From 2017 to 2018, the Moscow authorities introduced a system of street cameras with facial recognition technology. During the covid-19 pandemic in 2020, they were thus able to track down and fine those who leave their homes and thus violate the announced curfews.

In the same year, Russian media reported that even schools would be equipped with cameras. The Russian newspaper Vedomosti wrote at the time that they would be connected to a facial recognition system dubbed Orwell after the British writer George Orwell, author of the famous novel 1984. In it, Orwell describes the life of ordinary people in a totalitarian tyranny ruled by Big Brother.

When protests broke out in 2021 following the jailing of opposition leader Alexei Navalny, the system was used to track down and detain those who took part in the protests. After Putin announced a partial mobilization in September 2022 to support what Moscow says is a special military operation in Ukraine, the system helped find draft evaders.

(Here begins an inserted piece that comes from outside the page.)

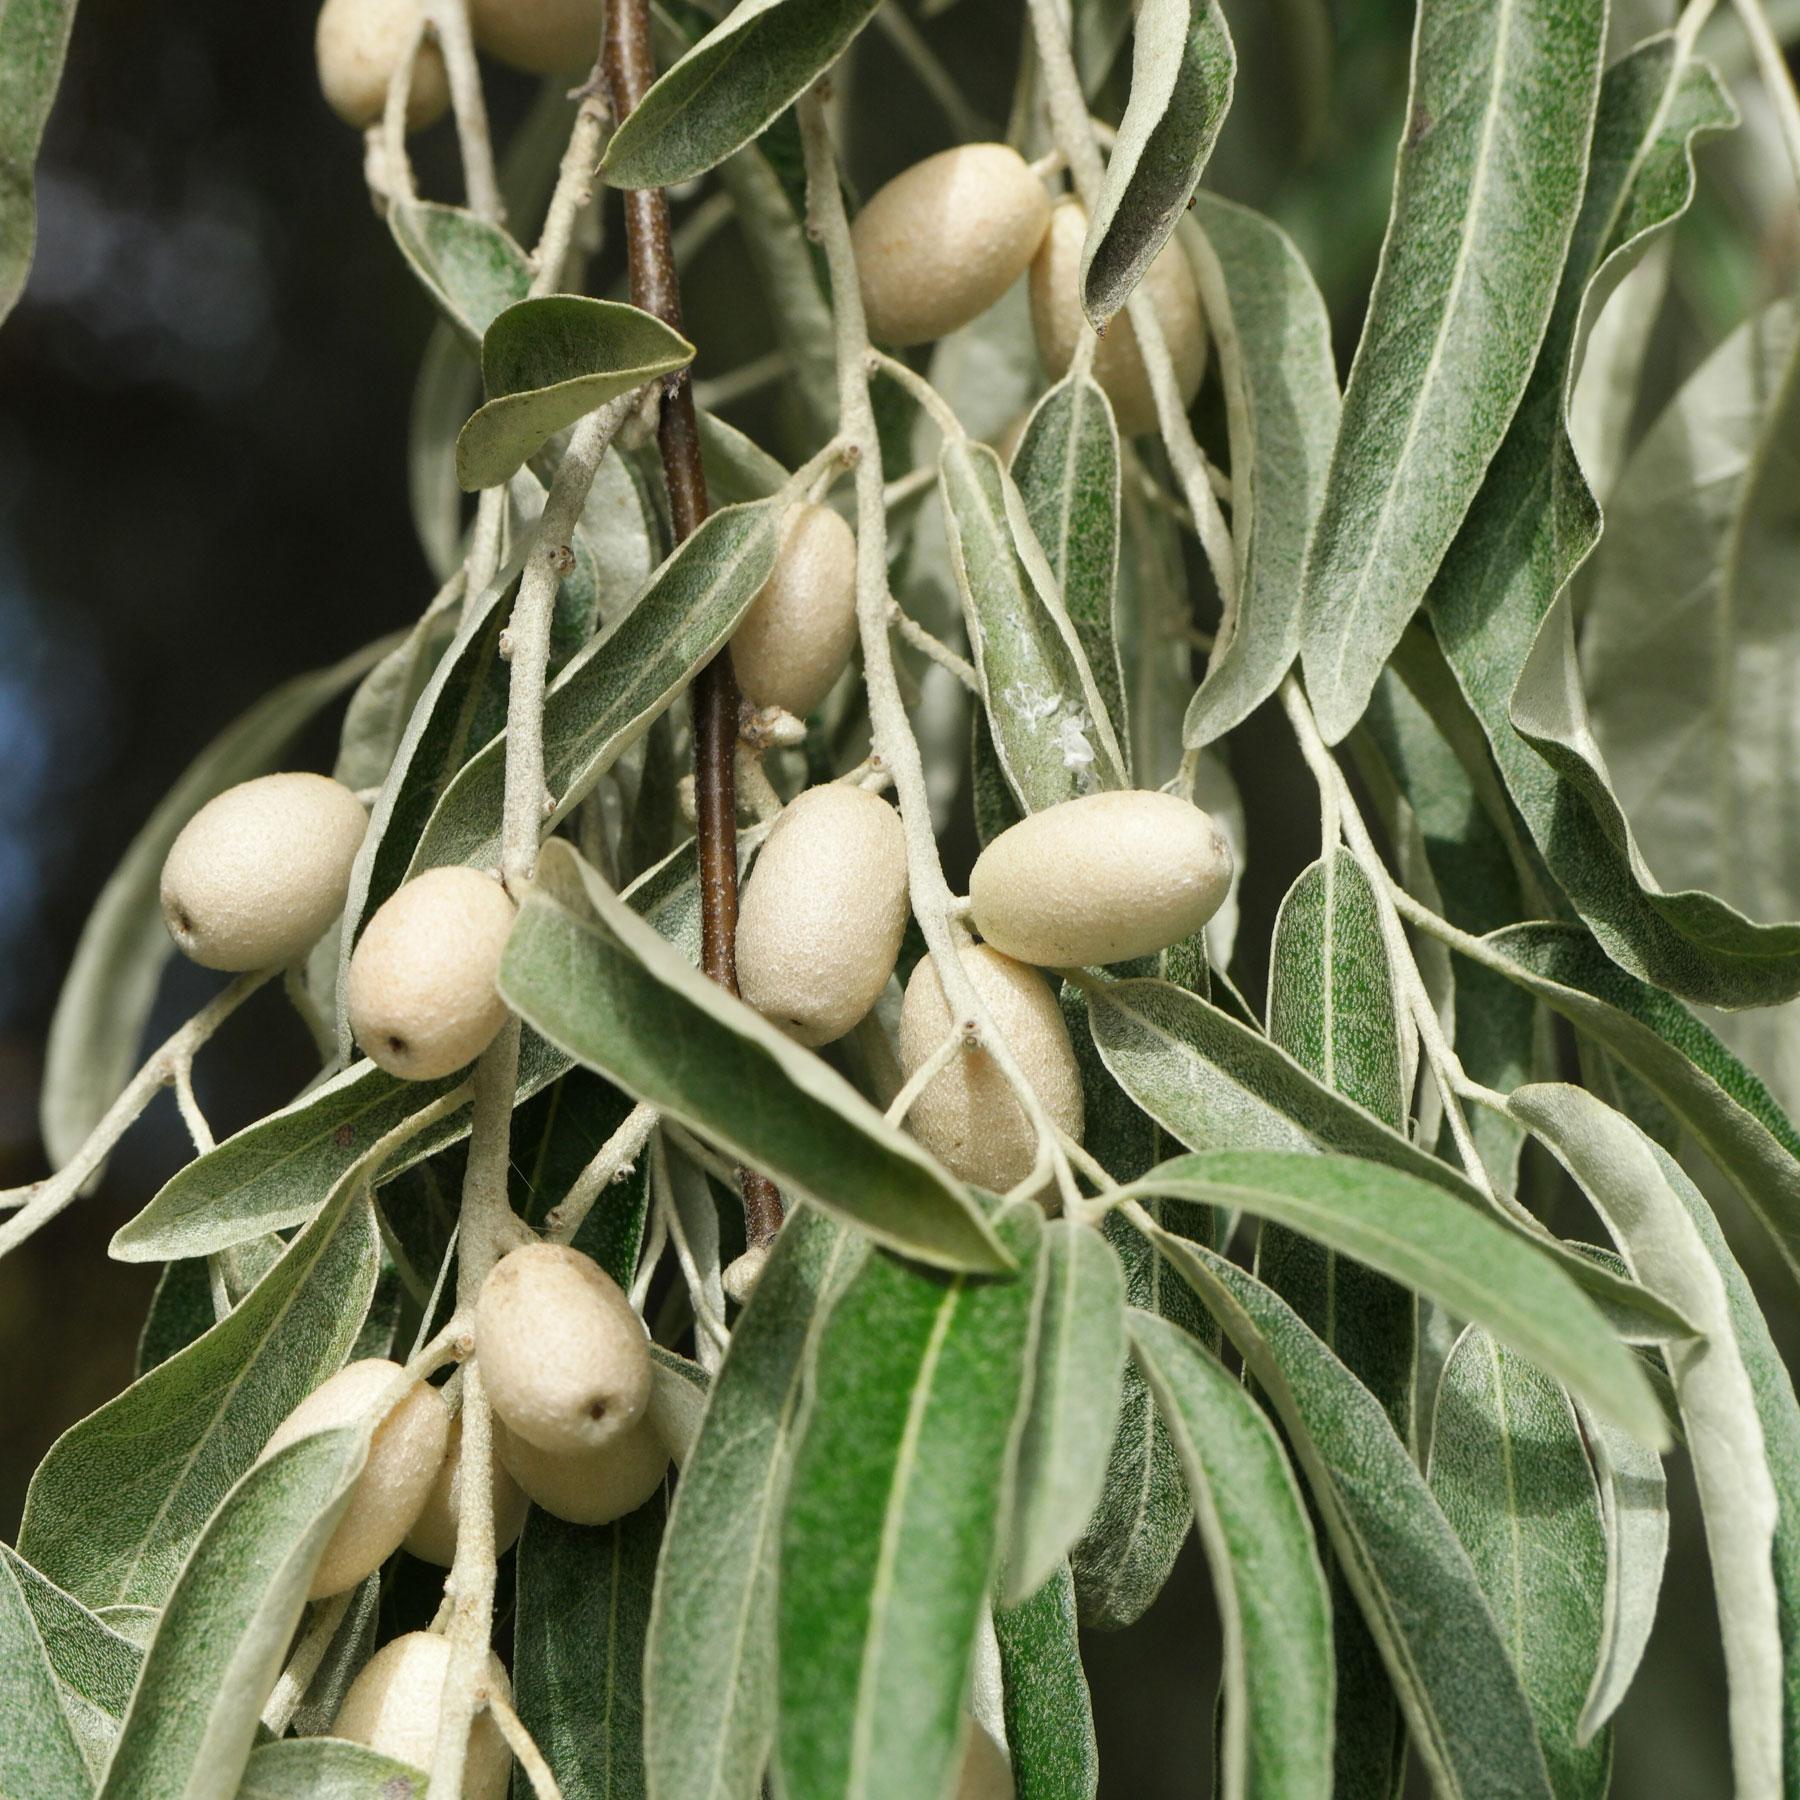 Schmalblättrige Ölweide Beeren

In one case, for example, they were stopped in the Moscow subway a man who did not respond to the call for mobilization. The police then told him that it was the facial recognition system that alerted them. It was described to the AP by his wife, who did not want her name published for security reasons.

Yekaterina Maksimov, an activist who was repeatedly detained while traveling by subway, complained about her arrests, but was unsuccessful. Authorities said that since she had been arrested before, police had the right to detain her even for a casual interview. As Maksimova reported, officials refused to explain to her why she was in their surveillance databases, calling it a state secret. She and her lawyer appealed against the court's decision.

There are 250,000 surveillance cameras in Moscow, at the entrance of residential buildings, in public transport and on the streets, Sarkis Darbinyan said. Similar systems also operate in St. Petersburg and other large cities, such as Novosibirsk and Kazan.

According to Russian political scientist Tatyana Stanovajova, the government is “building a state system of total digital surveillance, coercion and punishment”. For example, in December one of the laws ordered taxi companies to share their databases with the FSB, the successor secret service to the Soviet secret police, the KGB. The FSB thus gained access to passenger data, their routes and payments. “The cybernetic gulag, which was actively discussed during the pandemic, is now taking on a real form,” Stanovajová concluded.